Their love was strong but I think it fair to say that his brother Lawrence, with whom Dad was extremely close throughout his life, was more akin to Issy. For my father to have wanted to put such an inscription on his father ‘s stone shouted out to me that he felt that the words of Jacob could instead have been utterances of Issy to the effect that, notwithstanding that he was the eldest son, he had a secondary status in Issy’s eyes.
However as I reflected on the story, I could see how so movingly it reflected the story of my father’s own passing and relationship with his own sons BUT with a different ending.
There was no question in my father’s eyes of anything but equal standing between my brother and me – Stephen and I took very different career paths (Stephen into the family business and I into the law) but our father took as much pride and joy from what we each did and how we related to him.
Dad knew both of his sons in every way
Stephen and I spent many nights by Dad’s hospital bedside, I standing on the right side of the bed and my brother on the left.Dad’s very final three words to us were words that Jacob himself says in the sedra (‘I am dying’). Most poignantly Stephen and I were both standing on his right side for the last two hours of his life each holding his right hand as he passed away to a rendition of adon olam.

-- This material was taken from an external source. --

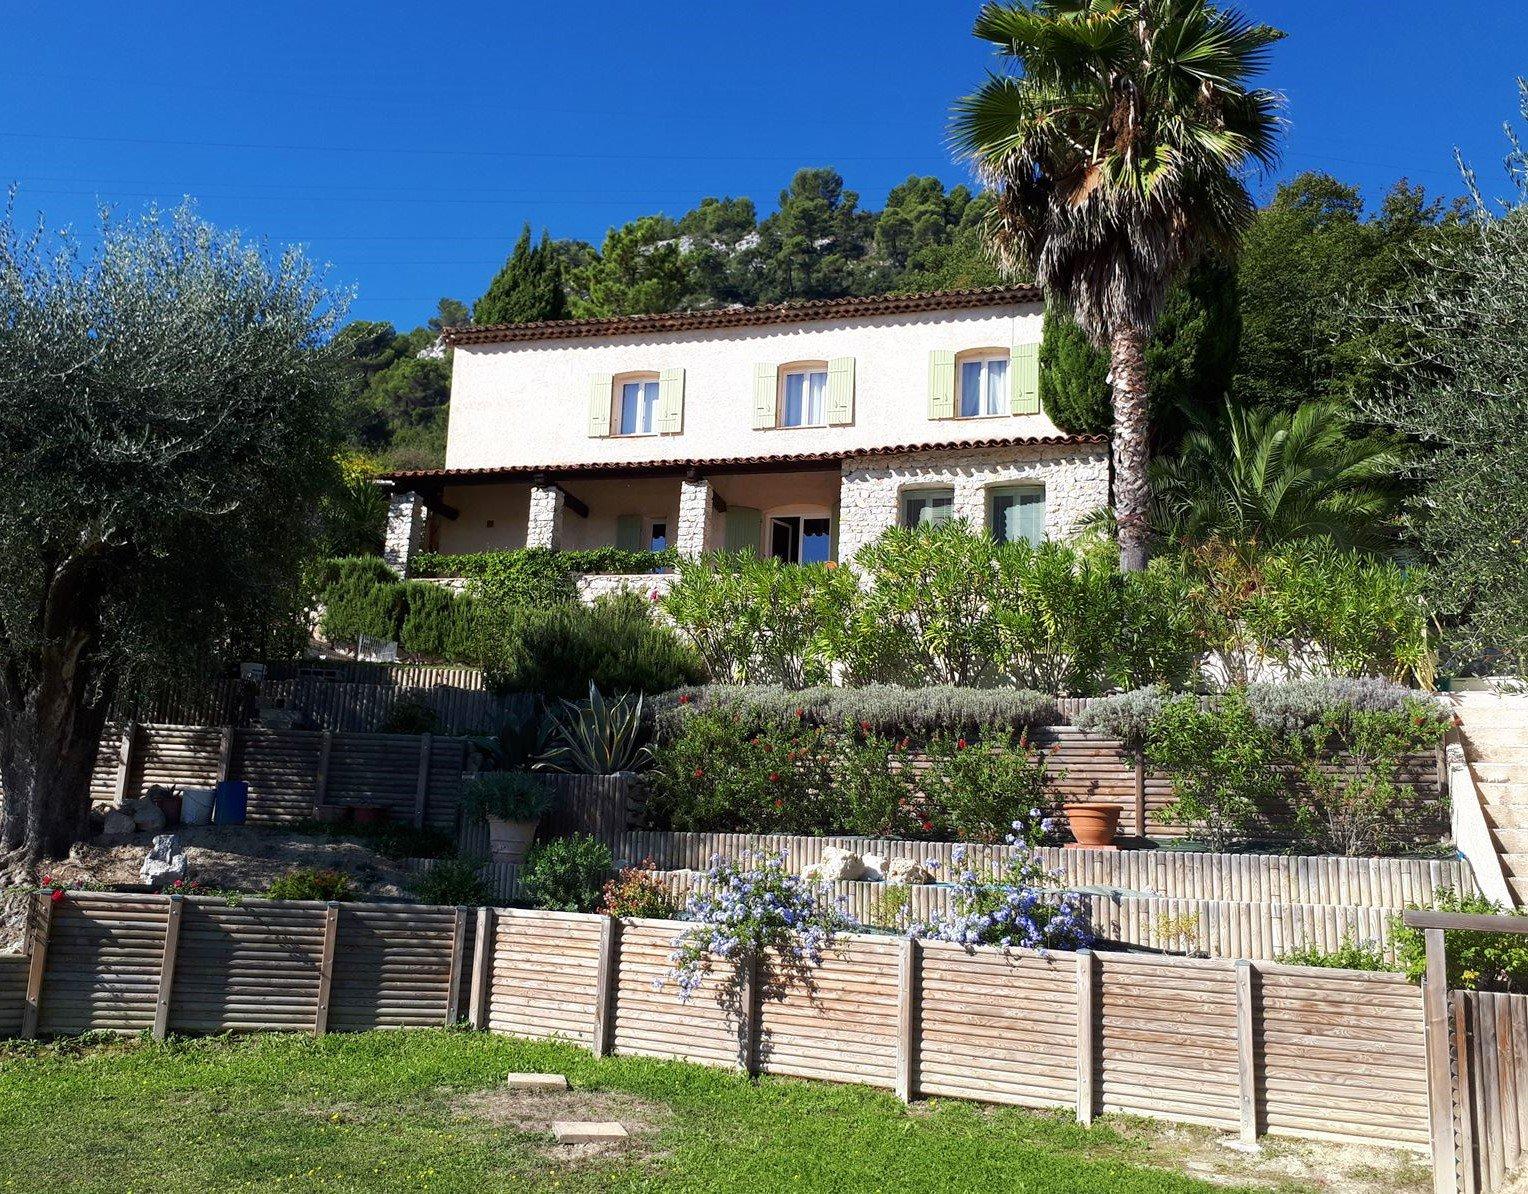 Vente Villa - Tourrette-Levens

The mezuzah, from his office in Ampthill where he spent his working life counting the chickens in and out, was held tightly in his left hand with the nurses on the left side of the bed.
To my father, his sons were equal to him in life and were both holding his right hand at his passing.
I would suggest that for my father the true meaning of Yaacov’s words,
‘I, know my son I know,’
was in the sense of being ‘familiar with’ and ‘close to’ rather than in Jacob’s corrective tone to Joseph. It is true that Dad knew both of his sons in every way.
A couple of weeks ago, I told my mother that I had concluded what the words on his desk really signified and that it was a shame the Hebrew expression only referred to ‘son’ not ‘sons.
To which my mother replied that she had had precisely the same thought and that, on the tombstone, the Hebrew words appear as they do in the Torah but in translating them she had written the following English translation that you will all see very soon ‘I know my SONS I know’.
The tombstone and its inscription which we will consecrate today therefore reflect his entire life; in Hebrew the love but sometimes frustrations of his relationship with his father and, in English, the comfort and closeness of his relationship with his sons, the result of 52 years of marriage to our amazing mother.
It is a fitting memorial for a good man who as I said at the shiva perfectly represented the saying from the Mishnah: Who is happy? he who is satisfied with his lot.
May the memory and soul of Binyamin Matityahu ben Yisroel be blessed eternally.